“Not all beef trim is created equal,” says Christopher Kerth, Ph.D., associate professor of meat science at Texas A&M University, based in College Station, Texas.

When creating optimum blends (and analyzing their fat content), the meat sample – and source – can certainly affect results and flavor. And the type of fat in the meat can be just as important as the amount. To create ideal meat blends, processors today are playing with the fat source and utilizing old and new methods of analysis.

To start, the cut itself plays a big role in the product’s flavor. It matters where the cut comes from off the carcass. “Cuts high in oleic acid (a healthy fatty acid) tend to correlate with improved flavor,” Kerth says. “They also give the aroma that consumers like.” 

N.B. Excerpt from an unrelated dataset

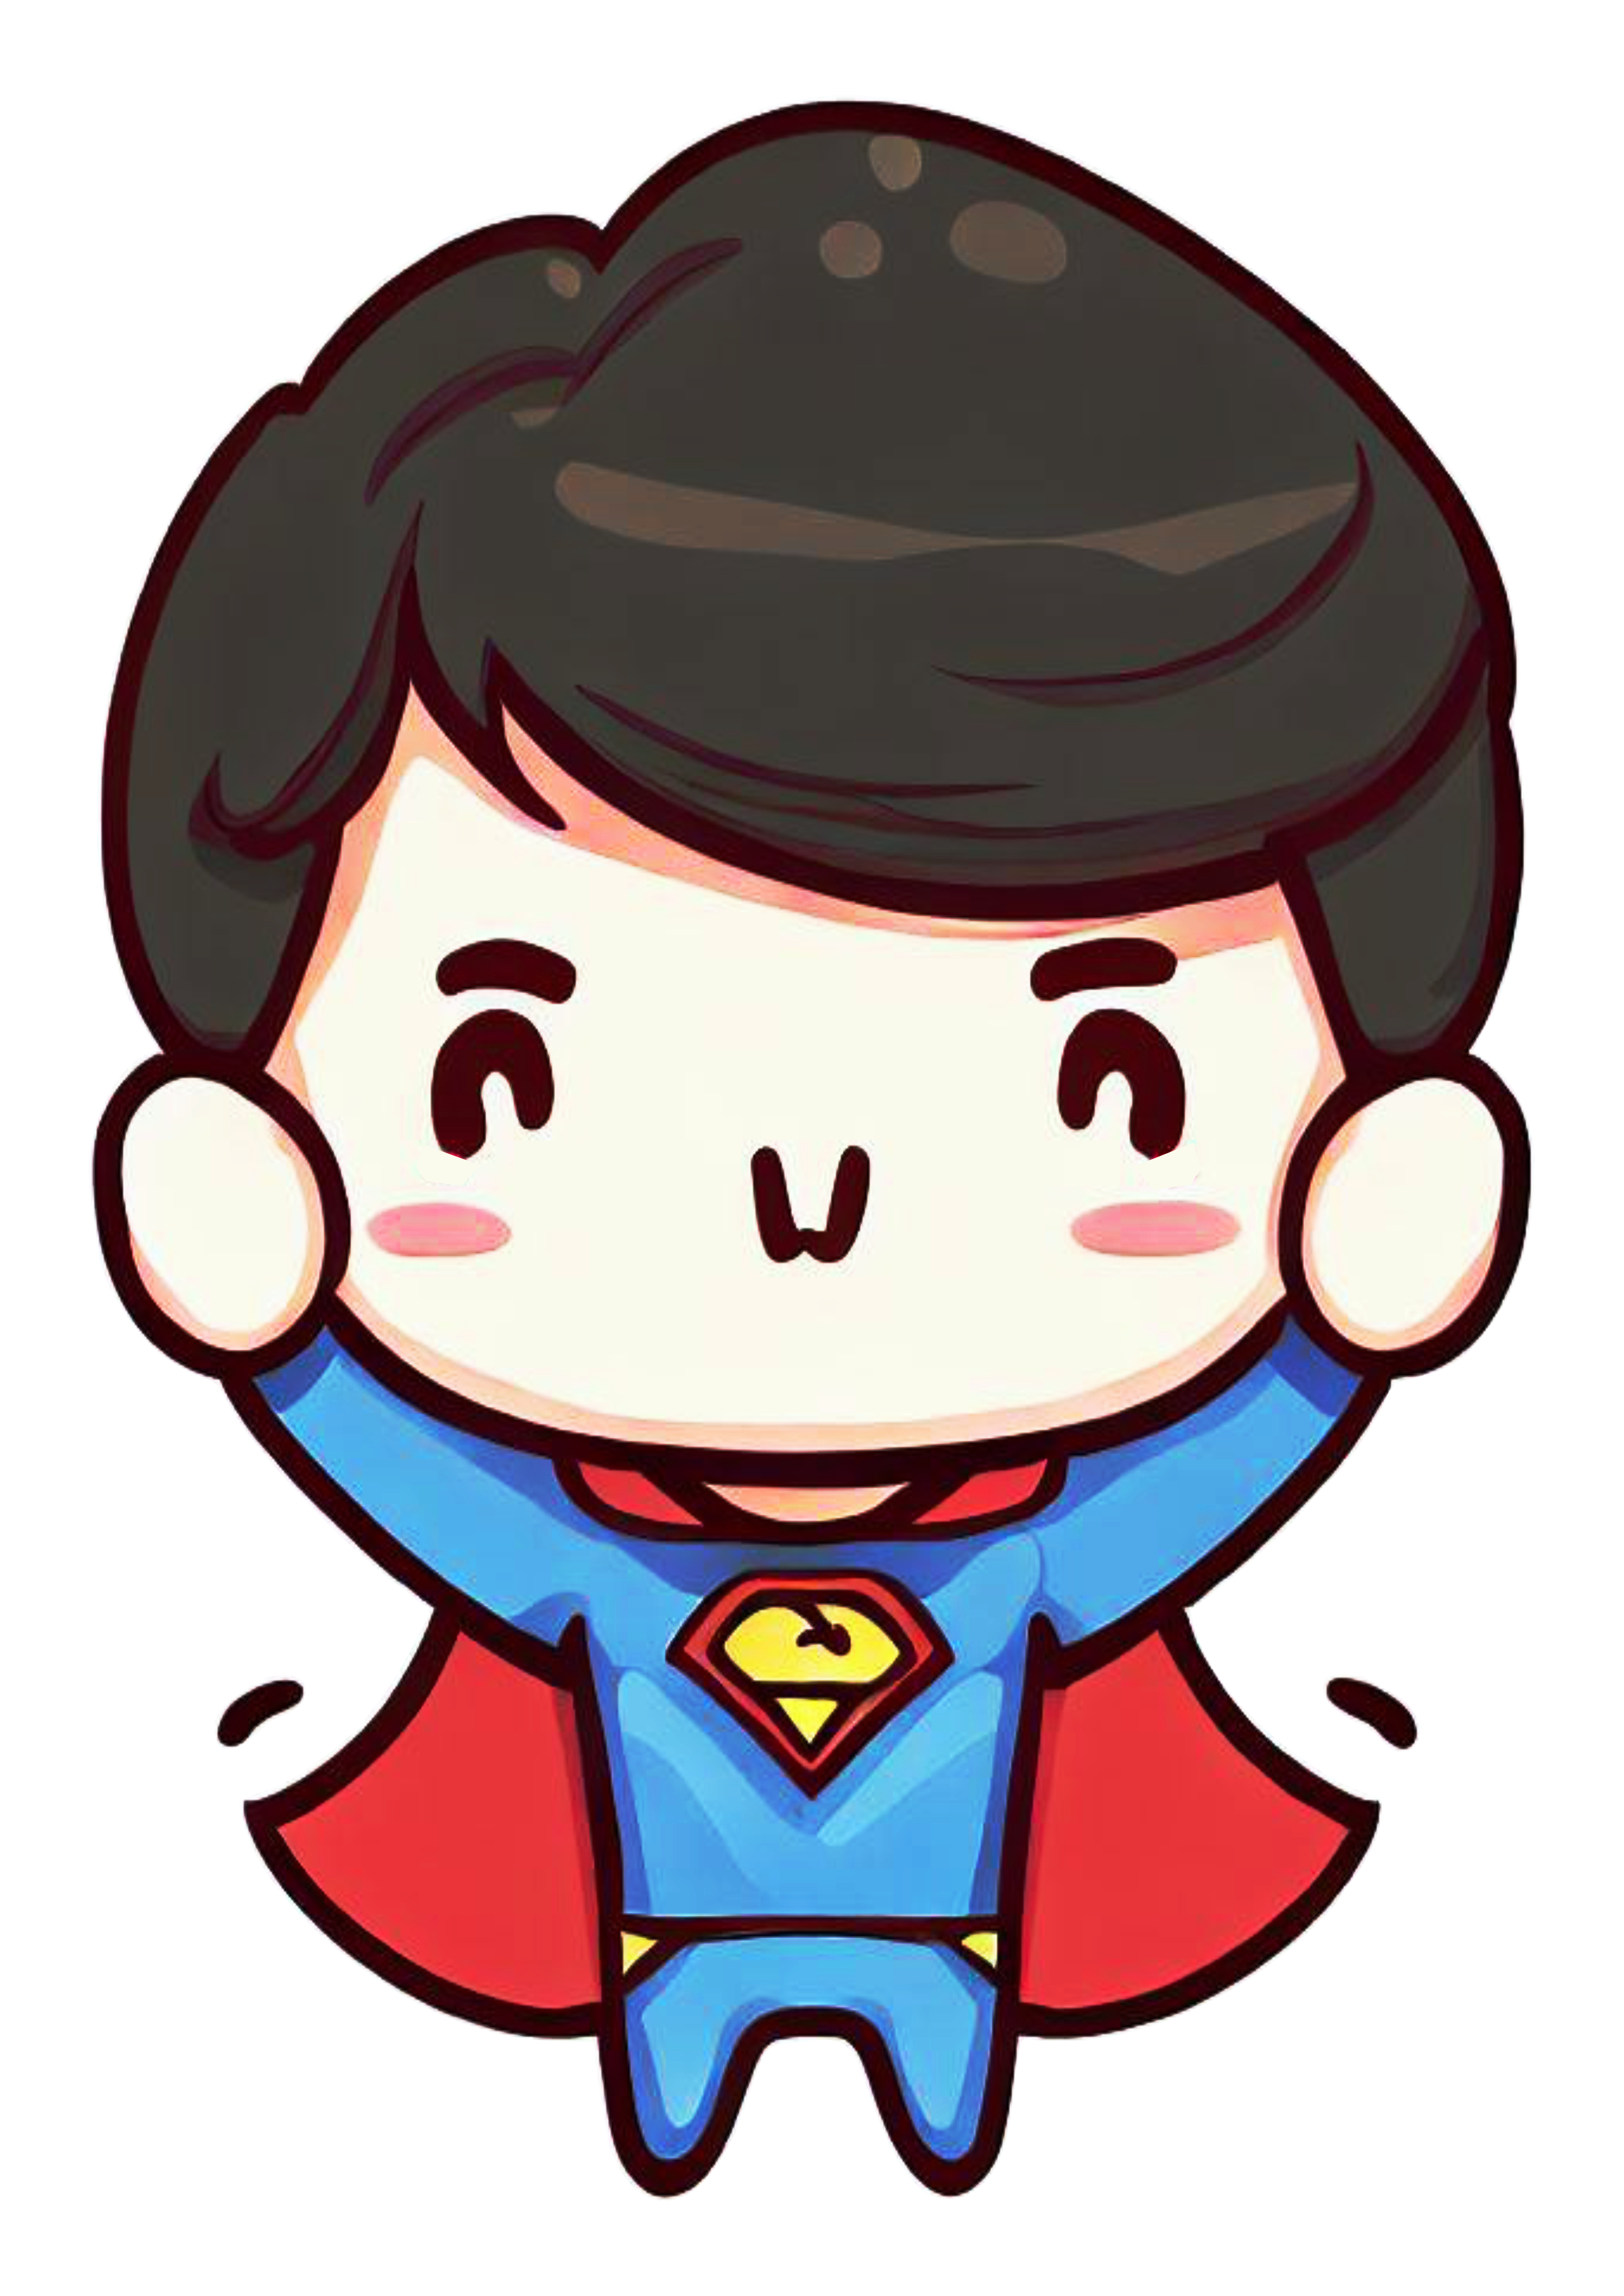 Super homem baby fofinho cute superman heroi fantasia infantil bonitinho ilustração png

Oleic acid tends to be higher in cuts with marbling. Japan, Korea and China breed their cattle to have this high marbling content, formed when they can feed longer and their enzymes take steric acid and transform it into oleic acid. 

Usually, American meat blends are formed with a selection of primal cuts such as brisket, shoulder rounds and chuck. “A happy medium of fat content today is 15 percent fat; 20 percent is the most flavorful blend to get,” Kerth says.

A clear agreement and understanding of the expectations between the purchaser and consumer – and what is achievable by the processor – need to be laid out and discussed before blending.

“Blending typically tries to meet a target chemical lean content for the trim raw material that is to be ground,” says Jonathan Campbell, Ph.D., a meat extension specialist, at Pennsylvania State University, based in University Park, Penn. “Blending is also a decision and balance between cost of raw materials and quality of the product, coupled with the daily volume of production and capabilities to meet the demand.” 

Once a target fat content for a blend has been agreed upon, having an acceptable and reasonable specification for fat content deviations from the target is necessary, Campbell says.  

Evaluating fat content

Most small processors do not conduct fat analysis on their product. Instead, they rely on the fat analysis given by their suppliers. But medium and large processors have more options available to them. 

“Some rely on their supplier’s data,” says Jeff Sindelar, Ph.D., associate professor/extension meat specialist at the University of Wisconsin-Madison. “But most will analyze through different means to confirm the fat content coming in and for those products in their production process.”

The most traditional (and precise) method is extraction, in which chemicals are used to extract fat measurements, says Sindelar.

“A more common method is NIR, or near-infrared analysis,” says Sindelar. “NIR spectroscopic technology accurately reflects light in the sample to use logarithms to calculate fat.”

NIR provides instant analysis but is pricey for small processors, Kerth says.

X-ray technology is also used for continuous, real-time analysis of fat content as one of the more common methods, but can be expensive at $10,000 to $20,000 for equipment.

Plain old cook loss is another method that only needs small instruments. A small sample is rapidly cooked, and the drippings are caught and analyzed. Or, a patty could be weighed before cooking then weighed afterward to determine the difference.

“The difference is most likely due to moisture loss, but the cook loss method can be used as a gauge to see if you are on the right track,” Kerth says. “However, it’s more art, less science.”

“The method used depends on the processor’s size and volume,” Sindelar says. “Larger processors can confirm fat content in-house, while suppliers can provide a range of samples for smaller processors. It’s important to make sure the quality and content are what you expect and are paying for.”  

To get rapid results, expect a fairly expensive process. Less expensive methods take time, Kerth says. 

“Sometimes the trained eye is the best tool to recognize fat content – to use knowledge formed over time,” Sindelar says. 

Testing the results

Part of the challenge in blending and fat analysis is relying upon batch testing or bench-top results of a representative sample of the raw materials to be ground, blended and packaged. 

“Processors are not making real-time decisions about each lot material to be used, but rather an educated guess to determine which raw materials to blend together to meet the lean and fat targets for a specific customer,” Campbell says. “Certainly, rapid methods exist, but all are derived from and compare back to slower laboratory methodology that requires intricate labware and chemicals to achieve results, not to mention the expertise to perform the analysis and evaluate those results.” 

Because multiple methodologies exist, having another entity utilize a test method that is different from what was used to blend the finished product could also create discrepancies and variances in results. 

“Rapid benchtop methods do not evaluate the entire lot of materials to be ground and blended, so technologies allowing for in-line confirmation of the entire lot or blended batch material as it moves through the process help to ensure less drift from the target fat content while achieving even more efficient and precise results,” Campbell says of technologies such as NIR spectroscopy or Nuclear Magnetic Resonance (NMR) technology.